Jude Montague talks to James Wilkie about his work and personal involvement with the Sono-Electro Festival and what we can expect this year.

What led you to the concept Sono-Electro?
Moving to St Leonards-on-Sea where there is space to think, dream, and the chance to make. I’ve met and been supported by incredible people here. I met Colin Booth, manager at Electro Studios, and Sound Artist, Jilliene Sellner: I was looking for space to avoid working from home and Colin asked what kind of show would I put on if I had the space for a week? I wondered what would happen if I thought about composing with people and space instead of sounds to do what I wanted to do with my work. This second edition has included a wider team of Lucia Scazzocchio, who has co-curated and partnered with me in producing a successful Arts Council bid for the festival, along with James Weaver, known for Sonics Hastings, and again Electro Studios. This edition has become about giving space for new stories (XMTR festival) to grow and existing ones (Sonics Hastings) to reflect and think forward. It’s a festival dedicated to sound art, inviting artists and audiences alike to examine their relationship with place through hyper-local interventions that touch on broader global environmental narratives.

Tell me about your own background in audio / experimental sound
I’ve gone from playing guitar in a Boston Noise/Rock band playing the Hard Rock for Halloween to an ambient music designer for Hollywood Soundtracks, a nerdy Goldsmiths laptop sound artist, to residencies and performances in the UK. My practice now includes working for Sensory Experiences Labs, and a long term collaboration with Lisa Chang Lee. Lisa and I are now producing works supported by the ZSL around her visits and research to the Hainan Tropical Rainforest to explore the indigenous Li community and their aural connection to the forest – theirs is an Intangible Heritage protected by UNESCO: The Li hold only an aural tradition of their stories and histories as well as a strained narrative in the region with China.

Are there any sound making elemental themes that are emerging this year from the festival?
Belonging, ownership, family, and relationships. Many of the artists are life partners – and the first set of artists in Residence is a family! The sea features widely in the minds of the closing artists on the Sundays; I am certain it will have an impact on the artists in residence’s output as well. Music and the festival itself is a means for finding a perspective from which we can all live and thrive together here.

Any comments on the local experimental sound-art scene?
There are extraordinary artists down here by the sea and I am hoping to continue to connect and to showcase them with Sono-Electro. An important aspect of the festival is to make a home for all the great things we already have down here.
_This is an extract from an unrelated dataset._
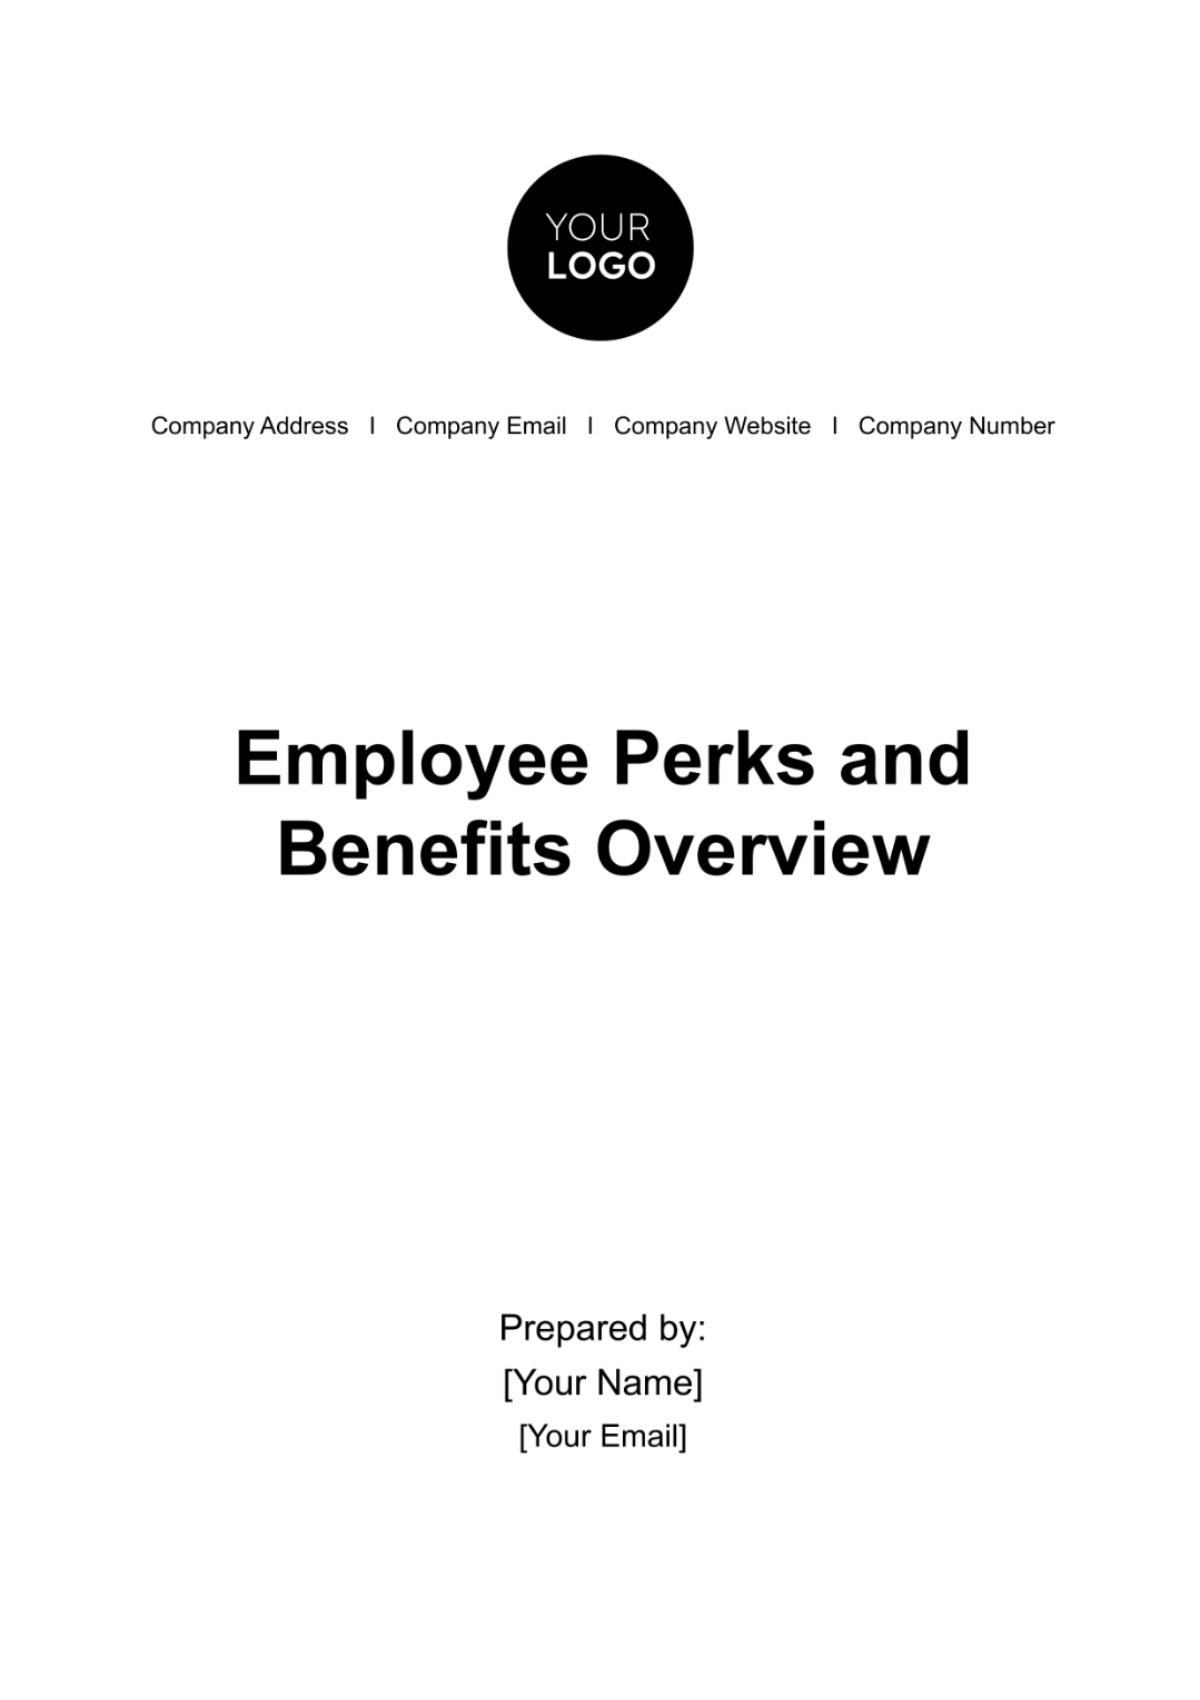 Free Employee Benefits & Perks Overview HR Template

How does radio and broadcast intersect with the festival – this is one of the anniversary years when John Logie Baird was experimenting with television here in the town?
Sono-Electro’s logo as it happens is a radio beacon, and Lucia’s XMTR Audio Art Festival will guest curate a full day for Sono-Electro on the SAT 28th September, is all about storytelling and the art of broadcasting. Live broadcasting stream / Resonance FM has generously lent its support to showcase festival highlights in October.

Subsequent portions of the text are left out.